Only lines with the string "church" are wanted. Pull them out of the data.

━━ Records to use

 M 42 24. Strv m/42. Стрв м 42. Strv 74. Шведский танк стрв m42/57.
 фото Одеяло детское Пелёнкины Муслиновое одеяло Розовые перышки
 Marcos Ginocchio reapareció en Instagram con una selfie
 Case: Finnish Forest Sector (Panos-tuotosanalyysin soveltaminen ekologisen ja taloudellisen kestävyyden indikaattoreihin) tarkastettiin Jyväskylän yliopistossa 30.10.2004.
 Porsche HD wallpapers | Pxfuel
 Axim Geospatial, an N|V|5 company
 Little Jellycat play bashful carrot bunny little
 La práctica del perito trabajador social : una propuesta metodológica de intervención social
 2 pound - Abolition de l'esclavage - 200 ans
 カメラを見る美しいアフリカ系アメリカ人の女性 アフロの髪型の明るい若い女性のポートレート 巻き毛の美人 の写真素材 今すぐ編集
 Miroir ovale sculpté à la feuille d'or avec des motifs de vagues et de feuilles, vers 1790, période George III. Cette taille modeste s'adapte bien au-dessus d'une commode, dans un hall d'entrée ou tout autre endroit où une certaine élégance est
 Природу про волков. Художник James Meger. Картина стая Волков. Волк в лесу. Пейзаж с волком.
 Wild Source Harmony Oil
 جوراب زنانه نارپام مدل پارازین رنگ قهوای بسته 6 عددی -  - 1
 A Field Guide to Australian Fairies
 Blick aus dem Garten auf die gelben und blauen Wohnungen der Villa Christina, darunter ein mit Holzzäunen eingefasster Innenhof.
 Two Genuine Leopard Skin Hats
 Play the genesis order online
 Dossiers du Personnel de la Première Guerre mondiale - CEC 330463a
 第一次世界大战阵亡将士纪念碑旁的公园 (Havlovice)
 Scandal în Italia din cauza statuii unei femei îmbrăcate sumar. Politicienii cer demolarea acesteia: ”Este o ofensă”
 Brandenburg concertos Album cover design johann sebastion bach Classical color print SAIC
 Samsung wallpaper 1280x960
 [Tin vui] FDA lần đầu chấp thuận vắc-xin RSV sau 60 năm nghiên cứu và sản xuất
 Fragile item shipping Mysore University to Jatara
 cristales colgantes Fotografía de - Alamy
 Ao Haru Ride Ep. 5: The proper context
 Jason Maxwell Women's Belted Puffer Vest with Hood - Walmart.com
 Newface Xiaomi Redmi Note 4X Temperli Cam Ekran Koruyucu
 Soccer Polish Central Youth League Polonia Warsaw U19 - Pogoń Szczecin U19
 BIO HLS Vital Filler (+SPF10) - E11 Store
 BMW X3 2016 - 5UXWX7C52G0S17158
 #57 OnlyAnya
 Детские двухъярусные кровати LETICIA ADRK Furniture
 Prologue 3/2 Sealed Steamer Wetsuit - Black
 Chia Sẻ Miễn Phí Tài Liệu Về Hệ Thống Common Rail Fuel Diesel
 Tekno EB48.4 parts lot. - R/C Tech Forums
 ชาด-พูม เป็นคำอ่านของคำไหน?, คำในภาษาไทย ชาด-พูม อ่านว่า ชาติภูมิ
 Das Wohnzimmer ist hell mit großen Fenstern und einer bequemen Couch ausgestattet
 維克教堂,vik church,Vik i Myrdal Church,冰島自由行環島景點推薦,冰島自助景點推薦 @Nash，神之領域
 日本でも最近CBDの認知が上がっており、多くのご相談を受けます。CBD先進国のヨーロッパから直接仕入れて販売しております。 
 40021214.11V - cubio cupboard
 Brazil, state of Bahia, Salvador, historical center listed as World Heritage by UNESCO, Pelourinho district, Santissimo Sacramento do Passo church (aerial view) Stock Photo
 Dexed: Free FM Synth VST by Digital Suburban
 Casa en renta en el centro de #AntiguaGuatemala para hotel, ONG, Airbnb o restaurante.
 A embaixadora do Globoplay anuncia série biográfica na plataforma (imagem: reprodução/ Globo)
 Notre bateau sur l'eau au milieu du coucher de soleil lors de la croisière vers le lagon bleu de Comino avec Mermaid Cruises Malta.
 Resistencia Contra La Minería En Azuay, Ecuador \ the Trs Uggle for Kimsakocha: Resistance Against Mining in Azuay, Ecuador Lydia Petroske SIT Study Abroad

━━━━

Exercise output:
 維克教堂,vik church,Vik i Myrdal Church,冰島自由行環島景點推薦,冰島自助景點推薦 @Nash，神之領域
 Brazil, state of Bahia, Salvador, historical center listed as World Heritage by UNESCO, Pelourinho district, Santissimo Sacramento do Passo church (aerial view) Stock Photo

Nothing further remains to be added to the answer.